At that point, repy is stopped for 0.29 seconds. Following that, the two other threads are created, and the MainThread? wakes up from its sleep and exits. Thread "_EVENT:Thread:2" opens a file and beings to write, when repy is stopped suddenly for 10 seconds, due to thread "_EVENT:Thread" which is just wasting CPU. Afterward, the two threads finish up and exit.

Now we can look at the thread time usage information, which is broken down for each thread, and then given globally. The MainThread? is very simple to analyze. All that thread did was call settimer twice, sleep and then exit. So as expected, we see that 0.2 seconds were spent sleeping, and essentially the remaining portion of the thread's life was stopped. This seems accurate since the thread was stopped during the sleep, which extended the amount of time in the API call.

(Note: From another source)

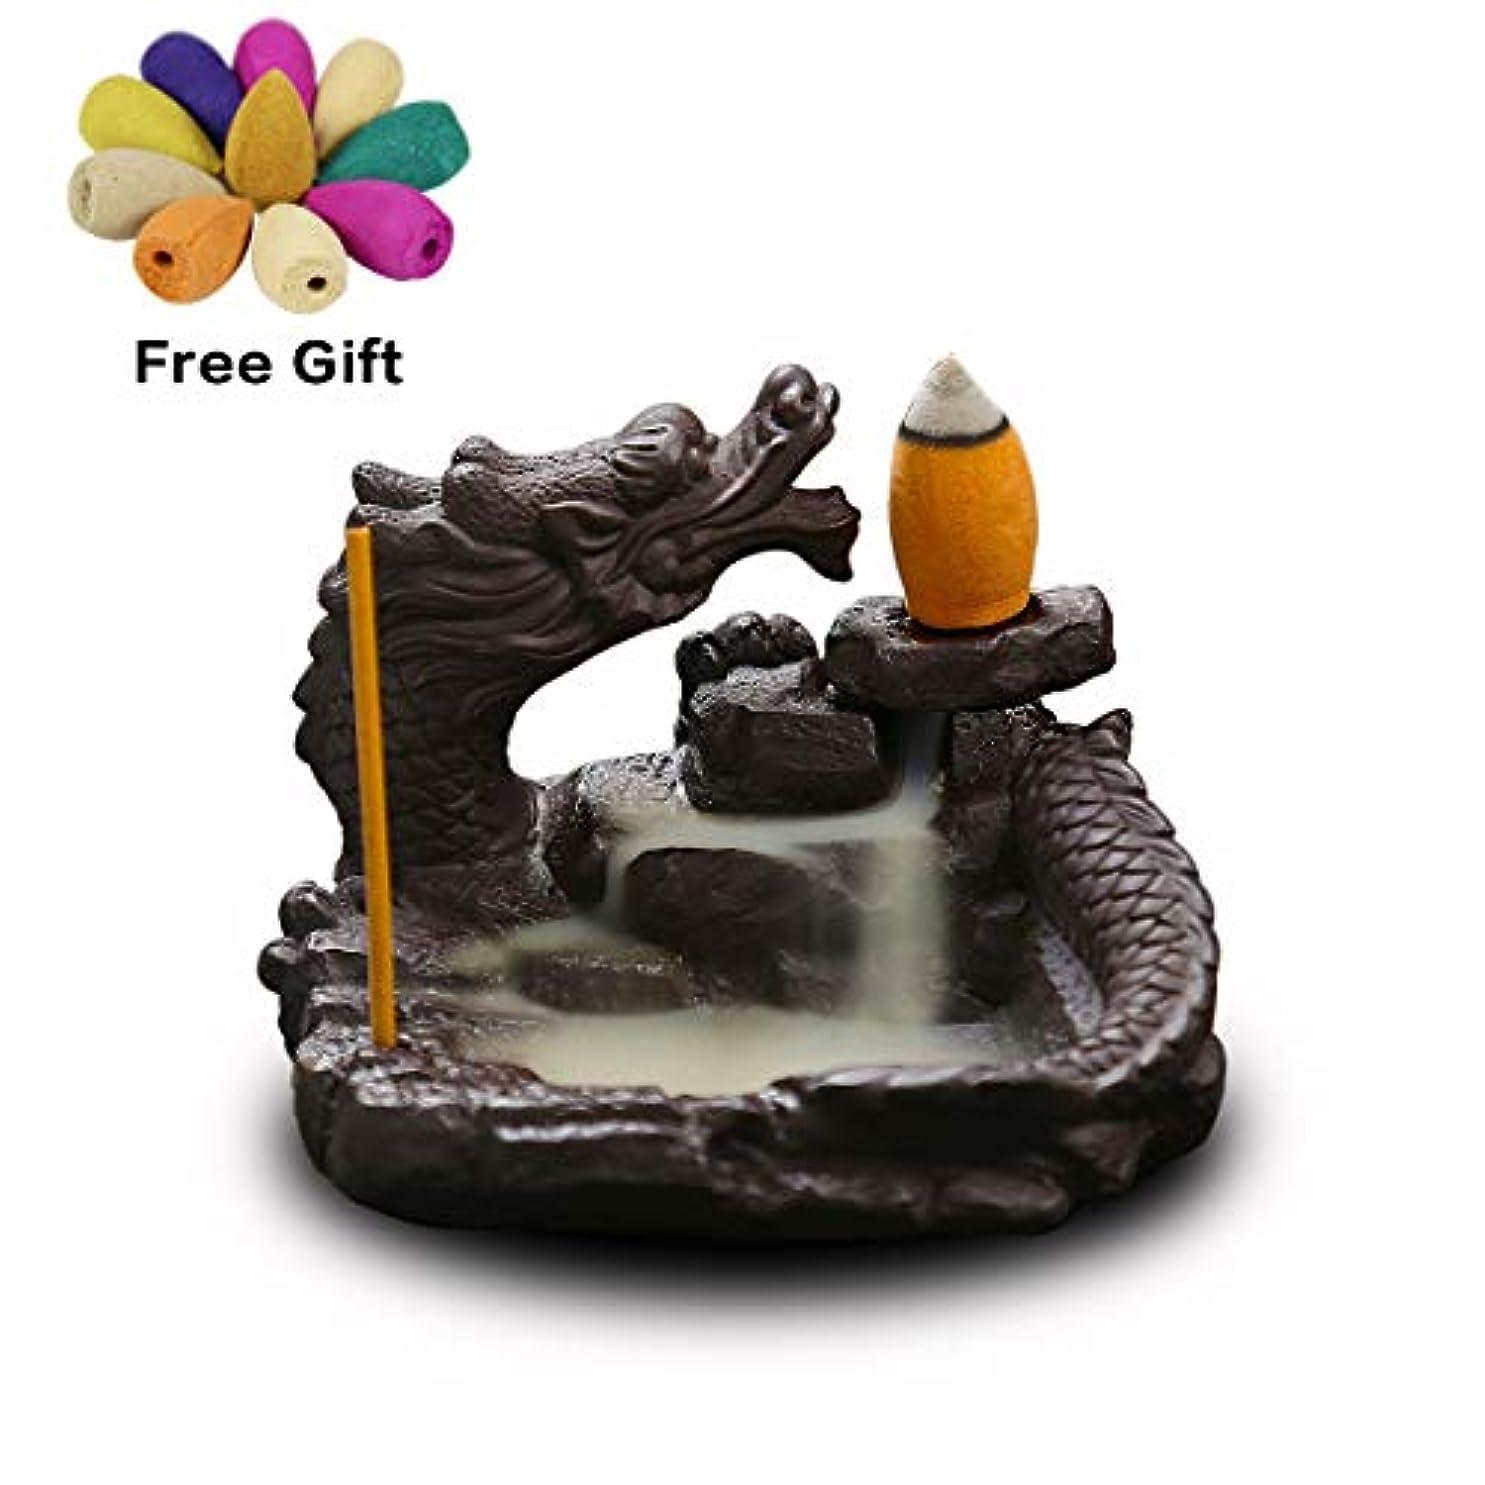 バーチャルエンコミウム洗練された(Style6) - OTOFY Mythical Dragon Backflow Incense Holder Figurine Incense Cone Holder Gothic Home Decor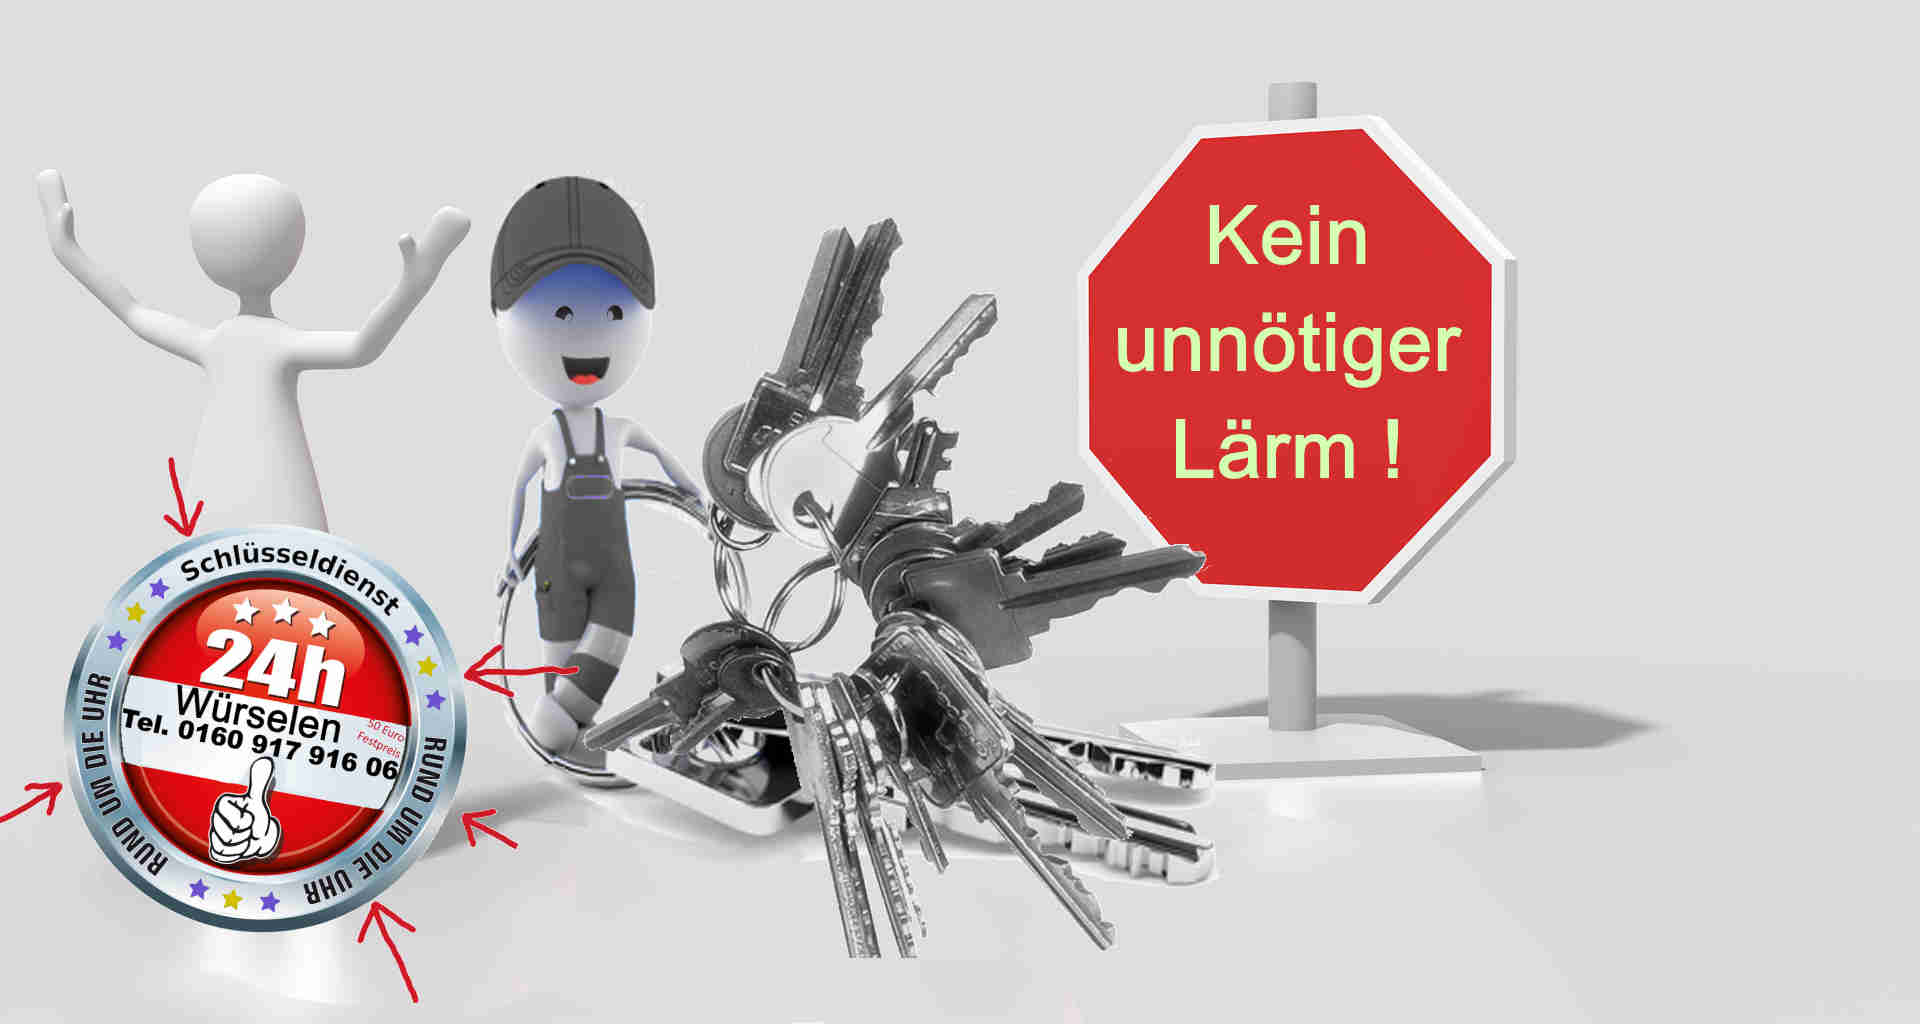 Schlüsseldienst Würselen Morsbach Bardenberg Broichweiden Schweilbach Teut Oppen Haal und Linden ist Leise und diskret --

Then we have the _EVENT:Thread:2 thread which was writing to disk. From before, we expected this file.write call to take 1 second, but were we were stopped for 10 seconds during the API call. However, the time usage information accurately reflects that 1 second was spent in "filewrite" and that the remaining 90% of the thread's life was spent in a stopped state.

The _EVENT:Thread:3 thread spent its time just wasting CPU. Accordingly, the amount of CPU it was able to use is that of our CPU restriction (1%). The remaining time, it was stopped to compensate for overuse.

The last entry is the Global sum, and it just sum's up the information to provide a higher level overview. What is clear, is that at 93% of the time being "stopped", this program would greatly benefit from having more CPU allocated to it.